§ **Task requirements**
Take the data and return it in full. Change nothing.

=== Task input ===

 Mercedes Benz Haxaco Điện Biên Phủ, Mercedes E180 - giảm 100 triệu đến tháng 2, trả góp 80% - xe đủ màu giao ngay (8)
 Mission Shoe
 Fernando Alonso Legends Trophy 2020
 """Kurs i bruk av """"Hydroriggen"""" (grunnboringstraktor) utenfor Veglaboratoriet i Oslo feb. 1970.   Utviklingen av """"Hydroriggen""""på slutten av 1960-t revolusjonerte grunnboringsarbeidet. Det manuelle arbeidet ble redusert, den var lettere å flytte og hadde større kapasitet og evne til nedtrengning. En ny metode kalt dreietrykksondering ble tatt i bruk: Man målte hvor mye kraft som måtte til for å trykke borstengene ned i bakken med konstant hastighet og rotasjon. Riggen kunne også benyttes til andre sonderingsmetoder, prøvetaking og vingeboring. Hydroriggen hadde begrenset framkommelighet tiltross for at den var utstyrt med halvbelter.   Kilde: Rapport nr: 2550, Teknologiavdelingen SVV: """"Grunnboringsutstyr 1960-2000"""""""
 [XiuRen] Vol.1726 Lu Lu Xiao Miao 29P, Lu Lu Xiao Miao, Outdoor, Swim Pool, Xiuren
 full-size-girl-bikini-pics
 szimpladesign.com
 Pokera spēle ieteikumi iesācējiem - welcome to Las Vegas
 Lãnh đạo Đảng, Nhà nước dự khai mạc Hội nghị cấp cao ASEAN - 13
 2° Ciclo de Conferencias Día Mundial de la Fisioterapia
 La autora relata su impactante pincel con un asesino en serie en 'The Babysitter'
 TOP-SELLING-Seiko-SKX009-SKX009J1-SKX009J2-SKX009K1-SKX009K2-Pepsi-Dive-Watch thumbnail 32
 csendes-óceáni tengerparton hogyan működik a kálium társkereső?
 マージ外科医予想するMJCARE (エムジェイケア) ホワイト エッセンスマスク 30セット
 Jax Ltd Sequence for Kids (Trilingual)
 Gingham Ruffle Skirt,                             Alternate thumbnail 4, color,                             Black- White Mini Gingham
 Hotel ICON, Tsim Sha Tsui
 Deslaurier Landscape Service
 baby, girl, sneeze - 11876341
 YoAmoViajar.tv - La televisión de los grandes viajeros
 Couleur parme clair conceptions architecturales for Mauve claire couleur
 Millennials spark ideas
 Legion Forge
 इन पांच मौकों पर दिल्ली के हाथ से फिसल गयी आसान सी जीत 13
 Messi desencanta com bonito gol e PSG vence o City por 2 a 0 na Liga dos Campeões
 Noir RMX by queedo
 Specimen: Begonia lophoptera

===

§ **Written solution**
 Mercedes Benz Haxaco Điện Biên Phủ, Mercedes E180 - giảm 100 triệu đến tháng 2, trả góp 80% - xe đủ màu giao ngay (8)
 Mission Shoe
 Fernando Alonso Legends Trophy 2020
 """Kurs i bruk av """"Hydroriggen"""" (grunnboringstraktor) utenfor Veglaboratoriet i Oslo feb. 1970.   Utviklingen av """"Hydroriggen""""på slutten av 1960-t revolusjonerte grunnboringsarbeidet. Det manuelle arbeidet ble redusert, den var lettere å flytte og hadde større kapasitet og evne til nedtrengning. En ny metode kalt dreietrykksondering ble tatt i bruk: Man målte hvor mye kraft som måtte til for å trykke borstengene ned i bakken med konstant hastighet og rotasjon. Riggen kunne også benyttes til andre sonderingsmetoder, prøvetaking og vingeboring. Hydroriggen hadde begrenset framkommelighet tiltross for at den var utstyrt med halvbelter.   Kilde: Rapport nr: 2550, Teknologiavdelingen SVV: """"Grunnboringsutstyr 1960-2000"""""""
 [XiuRen] Vol.1726 Lu Lu Xiao Miao 29P, Lu Lu Xiao Miao, Outdoor, Swim Pool, Xiuren
 full-size-girl-bikini-pics
 szimpladesign.com
 Pokera spēle ieteikumi iesācējiem - welcome to Las Vegas
 Lãnh đạo Đảng, Nhà nước dự khai mạc Hội nghị cấp cao ASEAN - 13
 2° Ciclo de Conferencias Día Mundial de la Fisioterapia
 La autora relata su impactante pincel con un asesino en serie en 'The Babysitter'
 TOP-SELLING-Seiko-SKX009-SKX009J1-SKX009J2-SKX009K1-SKX009K2-Pepsi-Dive-Watch thumbnail 32
 csendes-óceáni tengerparton hogyan működik a kálium társkereső?
 マージ外科医予想するMJCARE (エムジェイケア) ホワイト エッセンスマスク 30セット
 Jax Ltd Sequence for Kids (Trilingual)
 Gingham Ruffle Skirt,                             Alternate thumbnail 4, color,                             Black- White Mini Gingham
 Hotel ICON, Tsim Sha Tsui
 Deslaurier Landscape Service
 baby, girl, sneeze - 11876341
 YoAmoViajar.tv - La televisión de los grandes viajeros
 Couleur parme clair conceptions architecturales for Mauve claire couleur
 Millennials spark ideas
 Legion Forge
 इन पांच मौकों पर दिल्ली के हाथ से फिसल गयी आसान सी जीत 13
 Messi desencanta com bonito gol e PSG vence o City por 2 a 0 na Liga dos Campeões
 Noir RMX by queedo
 Specimen: Begonia lophoptera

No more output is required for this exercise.